The first extraction / display unit includes a display unit including a display screen for displaying the plurality of word strings to be selected and the selected word string in a predetermined area. Have
2. The speech conversion apparatus according to claim 1, wherein the second extraction / display unit is a unit that displays the candidate candidates on a partial area of the display screen in a window shape.

When the first extraction / display unit displays the selected word string on the display screen, the first extraction / display unit can display the corresponding term candidates for a part of the word string. 3. The voice conversion apparatus according to claim 2, wherein the voice conversion apparatus is a means for adding and displaying information.
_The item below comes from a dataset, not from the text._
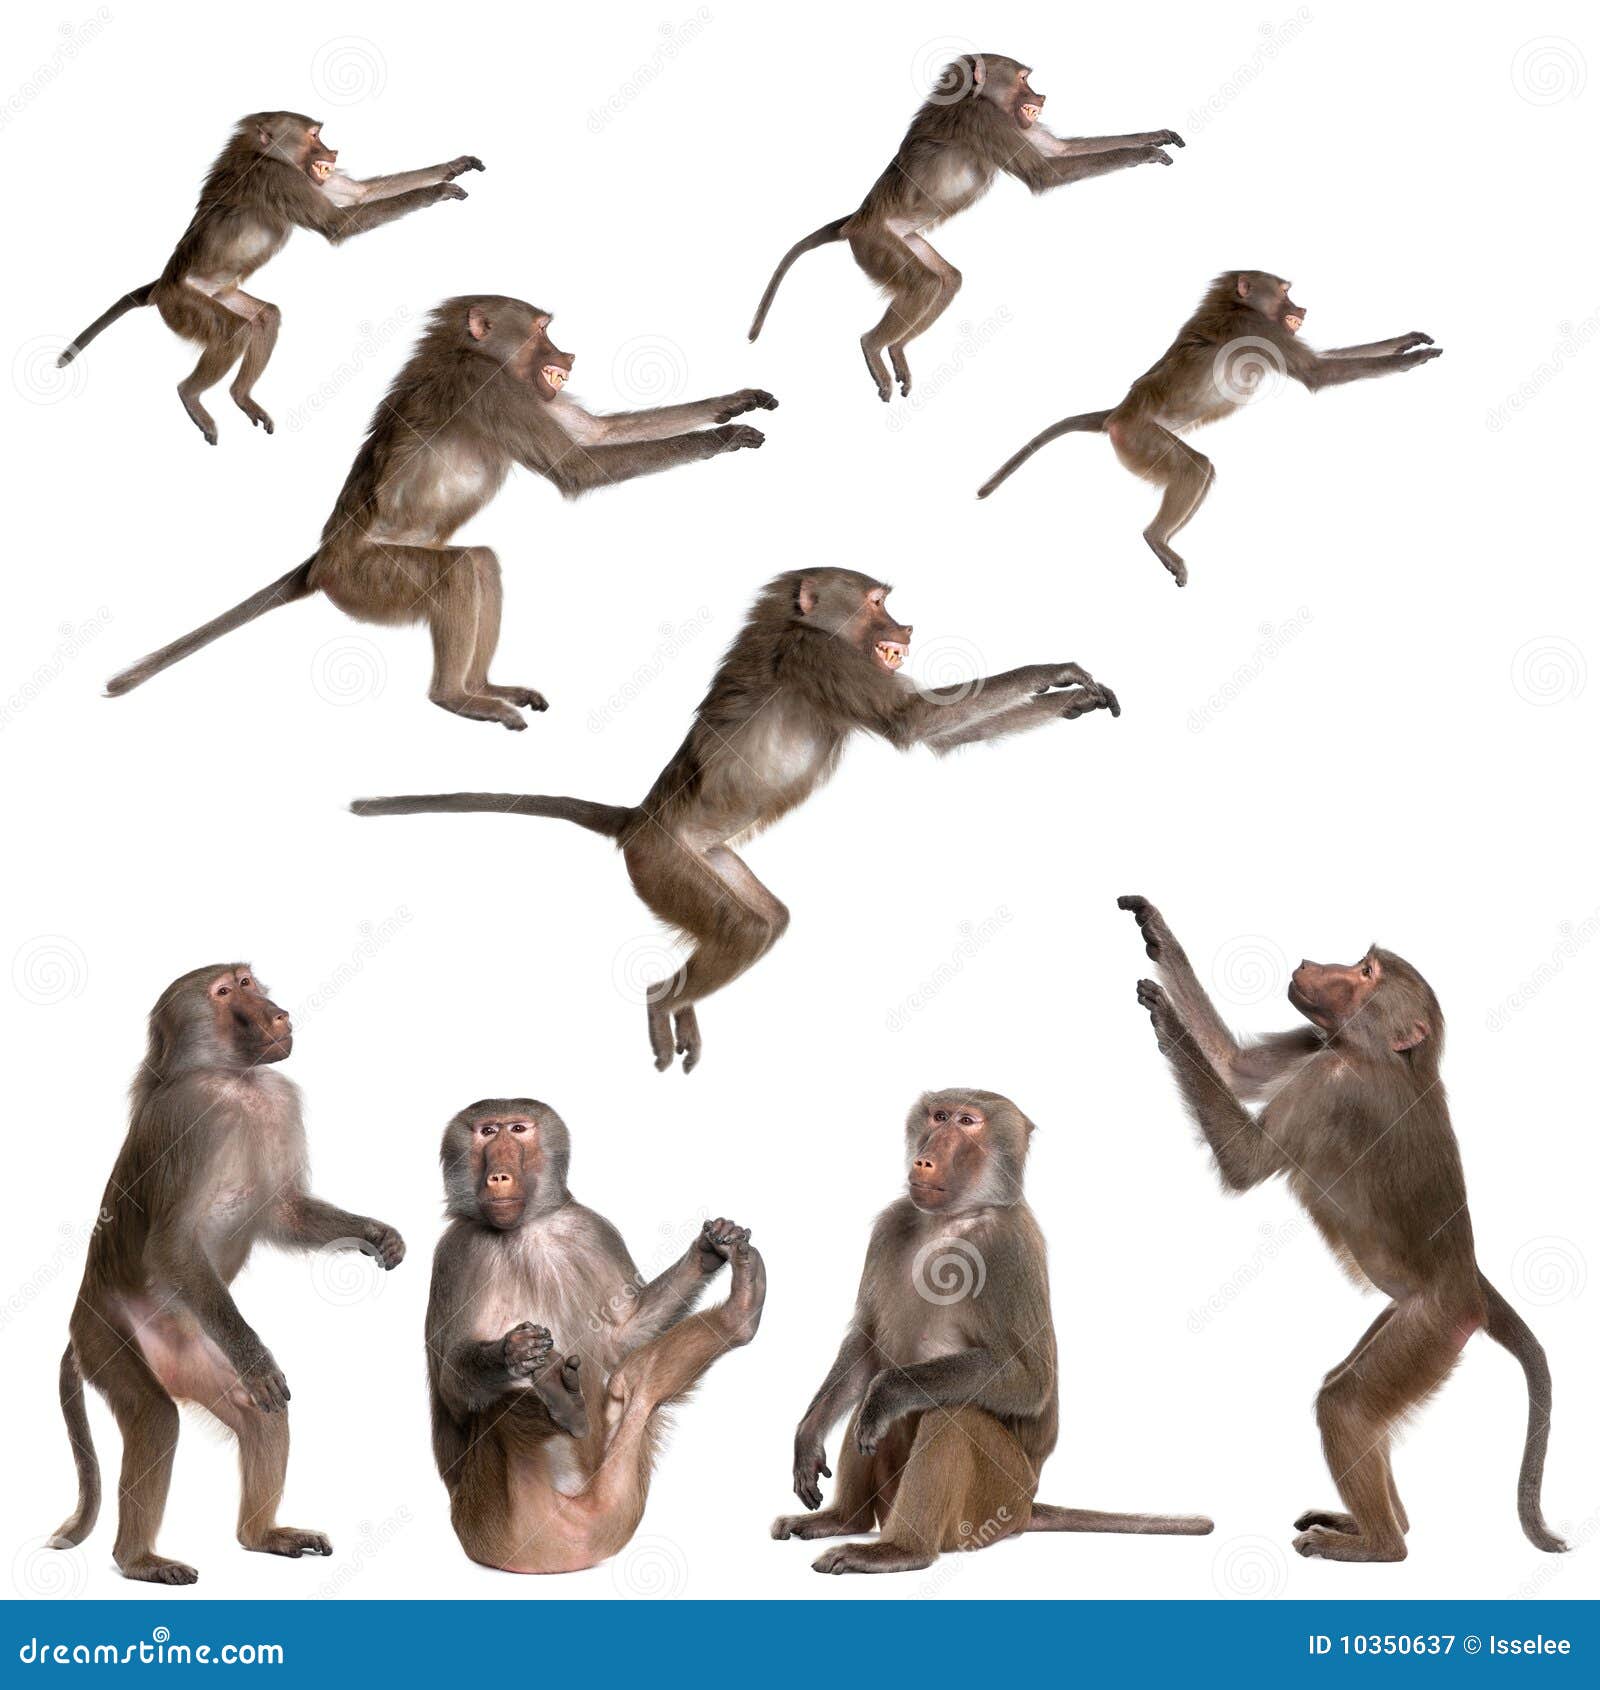 many views of baboon

4. The voice conversion device according to claim 3, further comprising a screen display specifying unit for specifying a part of the word string on which the added information is displayed on the display screen.

The speech conversion apparatus according to claim 1, wherein the conversion unit determines, as the conversion target, a result of replacing the specified part of the word string with the selected candidate term.